Live album by Grateful Dead
- Released: June 17, 2005
- Recorded: August 7, 1971 August 24, 1971 August 6, 1971
- Genre: Rock
- Length: 290:56
- Label: Grateful Dead Records

Grateful Dead chronology
| Grateful Dead Download Series Volume 2 (2005) | Dick's Picks Volume 35 (2005) | Grateful Dead Download Series Volume 3 (2005) |

= Dick's Picks Volume 35 =

Dick's Picks Volume 35 is the 35th installment of the Dick's Pick's series of Grateful Dead concert recordings. It is a four-CD set that contains the complete show recorded on August 7, 1971, at Golden Hall in San Diego, California, and a large portion of the show on August 24, 1971, at the Auditorium Theatre in Chicago, Illinois. It also includes bonus tracks from August 6, 1971, at the Hollywood Palladium in Hollywood, California.

The album was created using "the houseboat tapes," reel-to-reel soundboard recordings found in 2005 on a houseboat that was owned by Keith Godchaux's parents. The tapes had been there since 1971. Godchaux had been given the tapes to listen to shortly after joining the Grateful Dead, so that he could familiarize himself with the band's repertoire in preparation for their next tour. Unlike most Grateful Dead live releases, recordings of these shows did not circulate before their official release.

Dick's Picks Volume 35 includes the only officially released recording of "Empty Pages", a rarely performed song, written and sung by Pigpen, that is not to be confused with the Traffic song of the same name.

Another live Grateful Dead album recorded during this same concert tour is Road Trips Volume 1 Number 3.

Professional ratings
Review scores
| Source | Rating |
| Allmusic | Star Half star |
| The Music Box | Star |
| TheBestOfWebsite | B+ |

==Booklet, liner notes, and newspaper clippings==

The release includes five sheets of paper stapled together in the middle yielding a 20-page booklet. The front duplicates the cover of the CD and the back features a black-and-white photograph of the band on stage against a background similar to the cover.
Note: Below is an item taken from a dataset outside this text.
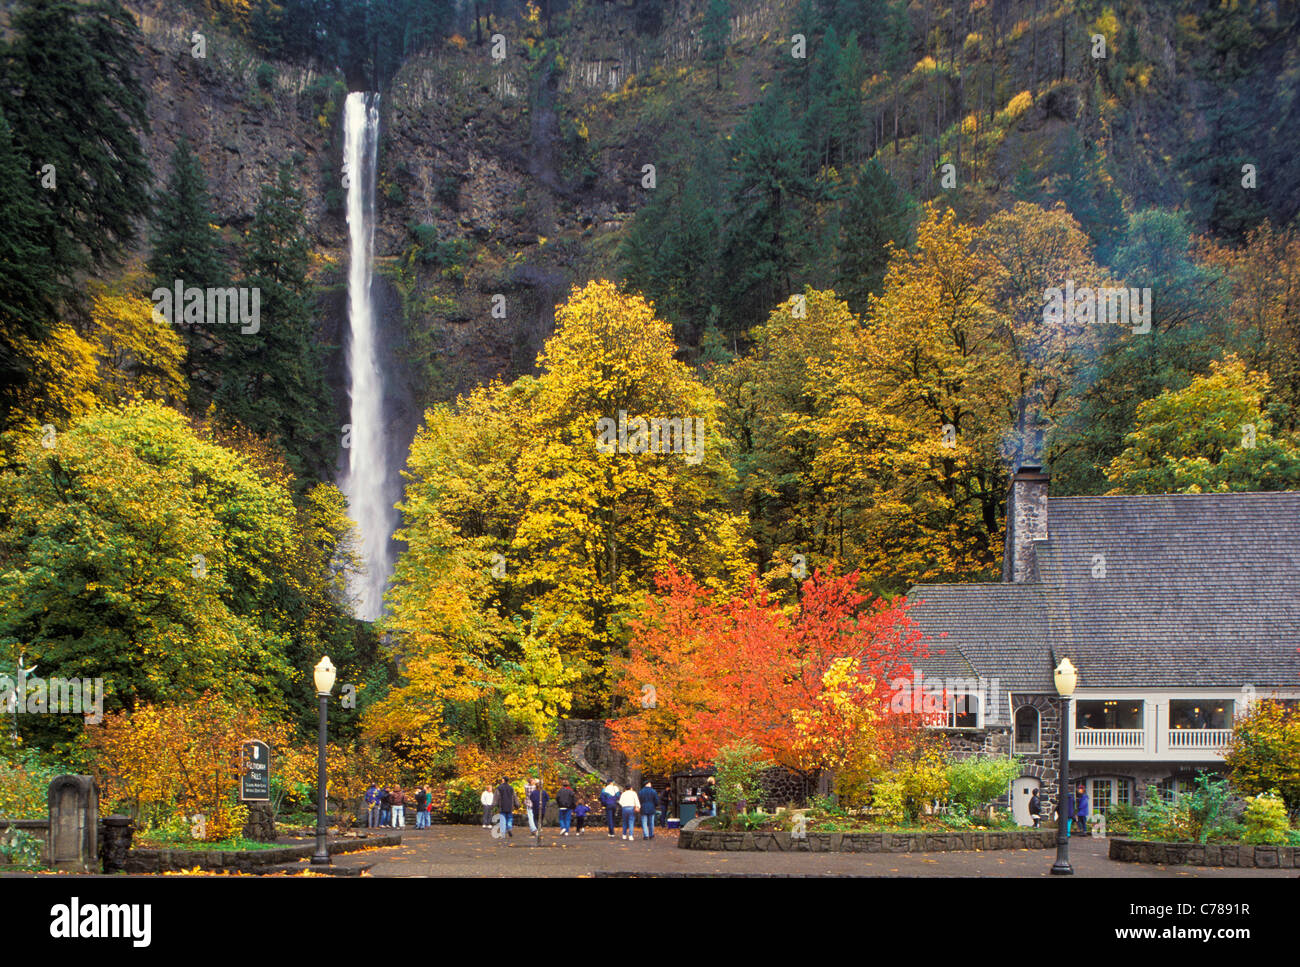 Chutes de Multnomah et Lodge avec des arbres dans la couleur de l'automne ; Columbia River Gorge National Scenic Area, Oregon. Banque D'Images

Inside the first several pages of the booklet is "A note about Dick's Picks 35" interspersed with some photos of the band members. Following a color photograph of the band on stage spread across two pages is a collage featuring a black-and-white photograph of Jerry Garcia along with three newspaper clippings taking up the two pages in the middle of the booklet.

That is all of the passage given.